For me, this is about a return to treating our food with respect. When we are eating we need to remember that we are using a resource, and we need to respect the people who grew it, respect the animals it came from, respect the land it was grown on, and most of all, respect our taste buds, because I can promise you: this food tastes a lot better.
To get a better insight into the sorts of things that go on in the food industry, here are some great resources.

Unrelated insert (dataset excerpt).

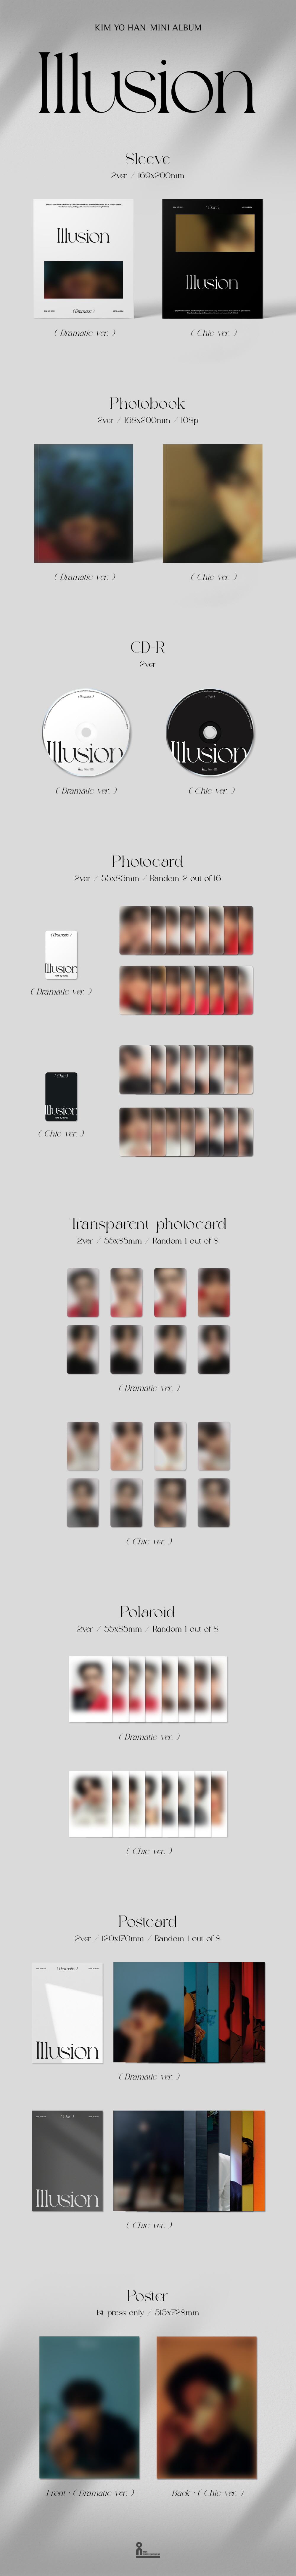 KIM YO HAN - [Illusion]  / 1ST MINI ALBUM KIMYOHAN KIMYOHANalbum Illusionalbum Illusion CD album photobook photocard kpop

   ‘The Omnivore's Dilemma : A Natural History of Four Meals’ by Michael Pollan (2006          Penguin Books)

   ‘Not on the Label’ by Felicity Lawrence (2005 Penguin Books)

   And, of course, the fabulous documentary ‘Food Inc.’.

All thoughts and inputs are welcome in the comments section, and in the weeks to come hopefully we will be putting up pictures of our kitchen co-op meets, some cheeky recipes and some seriously awesome places to shop for when we can’t grow it ourselves.